_ENTRIES SUPPLIED_:
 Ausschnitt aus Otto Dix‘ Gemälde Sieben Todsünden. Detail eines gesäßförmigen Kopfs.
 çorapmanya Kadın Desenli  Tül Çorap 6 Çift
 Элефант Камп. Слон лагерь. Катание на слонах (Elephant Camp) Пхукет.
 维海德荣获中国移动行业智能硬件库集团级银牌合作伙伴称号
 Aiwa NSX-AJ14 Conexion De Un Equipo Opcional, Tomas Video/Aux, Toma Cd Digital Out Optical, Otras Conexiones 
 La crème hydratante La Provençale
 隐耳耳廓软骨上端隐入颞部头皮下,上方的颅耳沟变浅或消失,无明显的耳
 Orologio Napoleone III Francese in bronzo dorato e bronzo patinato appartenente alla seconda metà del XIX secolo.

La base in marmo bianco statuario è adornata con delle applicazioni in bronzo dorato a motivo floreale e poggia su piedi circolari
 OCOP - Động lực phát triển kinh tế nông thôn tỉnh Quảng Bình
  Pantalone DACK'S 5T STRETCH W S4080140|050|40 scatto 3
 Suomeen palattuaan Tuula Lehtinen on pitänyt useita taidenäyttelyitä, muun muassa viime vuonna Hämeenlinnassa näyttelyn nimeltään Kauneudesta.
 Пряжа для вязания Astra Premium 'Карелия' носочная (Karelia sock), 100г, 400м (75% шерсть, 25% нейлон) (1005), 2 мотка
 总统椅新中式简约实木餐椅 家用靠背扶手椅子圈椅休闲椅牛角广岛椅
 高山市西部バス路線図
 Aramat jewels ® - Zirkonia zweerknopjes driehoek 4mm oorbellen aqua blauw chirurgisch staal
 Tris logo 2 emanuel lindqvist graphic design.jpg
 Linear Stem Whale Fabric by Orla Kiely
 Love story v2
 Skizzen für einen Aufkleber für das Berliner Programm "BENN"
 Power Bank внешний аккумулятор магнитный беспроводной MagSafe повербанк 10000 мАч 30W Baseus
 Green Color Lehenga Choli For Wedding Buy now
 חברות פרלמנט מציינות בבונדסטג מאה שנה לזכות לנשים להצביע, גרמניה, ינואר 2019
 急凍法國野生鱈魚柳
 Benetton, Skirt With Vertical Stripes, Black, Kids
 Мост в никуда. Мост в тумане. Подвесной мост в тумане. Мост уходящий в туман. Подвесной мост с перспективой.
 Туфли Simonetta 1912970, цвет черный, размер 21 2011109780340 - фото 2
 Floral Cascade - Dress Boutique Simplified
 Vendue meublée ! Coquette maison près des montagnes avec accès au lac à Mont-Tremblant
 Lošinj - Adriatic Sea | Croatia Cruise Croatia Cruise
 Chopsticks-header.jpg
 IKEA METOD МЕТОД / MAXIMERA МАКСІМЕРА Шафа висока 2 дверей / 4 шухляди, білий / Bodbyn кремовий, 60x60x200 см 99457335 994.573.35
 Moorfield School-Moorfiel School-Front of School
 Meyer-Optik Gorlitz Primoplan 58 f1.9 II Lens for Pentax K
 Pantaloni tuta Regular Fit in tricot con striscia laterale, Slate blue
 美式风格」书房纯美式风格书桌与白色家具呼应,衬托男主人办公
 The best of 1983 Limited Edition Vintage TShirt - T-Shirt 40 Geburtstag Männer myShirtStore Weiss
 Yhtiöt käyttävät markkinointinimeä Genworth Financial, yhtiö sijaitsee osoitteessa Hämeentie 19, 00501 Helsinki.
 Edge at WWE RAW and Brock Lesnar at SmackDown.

_REQUIRED ACTION_: Only the lines above starting at the line that holds "隐耳耳廓软骨上端隐入颞部头皮下,上方的颅耳沟变浅或消失,无明显的耳" and ending at the line that holds "Aramat jewels ®" are to be repeated, exactly and in full.

_ANSWER SECTION_:
 隐耳耳廓软骨上端隐入颞部头皮下,上方的颅耳沟变浅或消失,无明显的耳
 Orologio Napoleone III Francese in bronzo dorato e bronzo patinato appartenente alla seconda metà del XIX secolo.

La base in marmo bianco statuario è adornata con delle applicazioni in bronzo dorato a motivo floreale e poggia su piedi circolari
 OCOP - Động lực phát triển kinh tế nông thôn tỉnh Quảng Bình
  Pantalone DACK'S 5T STRETCH W S4080140|050|40 scatto 3
 Suomeen palattuaan Tuula Lehtinen on pitänyt useita taidenäyttelyitä, muun muassa viime vuonna Hämeenlinnassa näyttelyn nimeltään Kauneudesta.
 Пряжа для вязания Astra Premium 'Карелия' носочная (Karelia sock), 100г, 400м (75% шерсть, 25% нейлон) (1005), 2 мотка
 总统椅新中式简约实木餐椅 家用靠背扶手椅子圈椅休闲椅牛角广岛椅
 高山市西部バス路線図
 Aramat jewels ® - Zirkonia zweerknopjes driehoek 4mm oorbellen aqua blauw chirurgisch staal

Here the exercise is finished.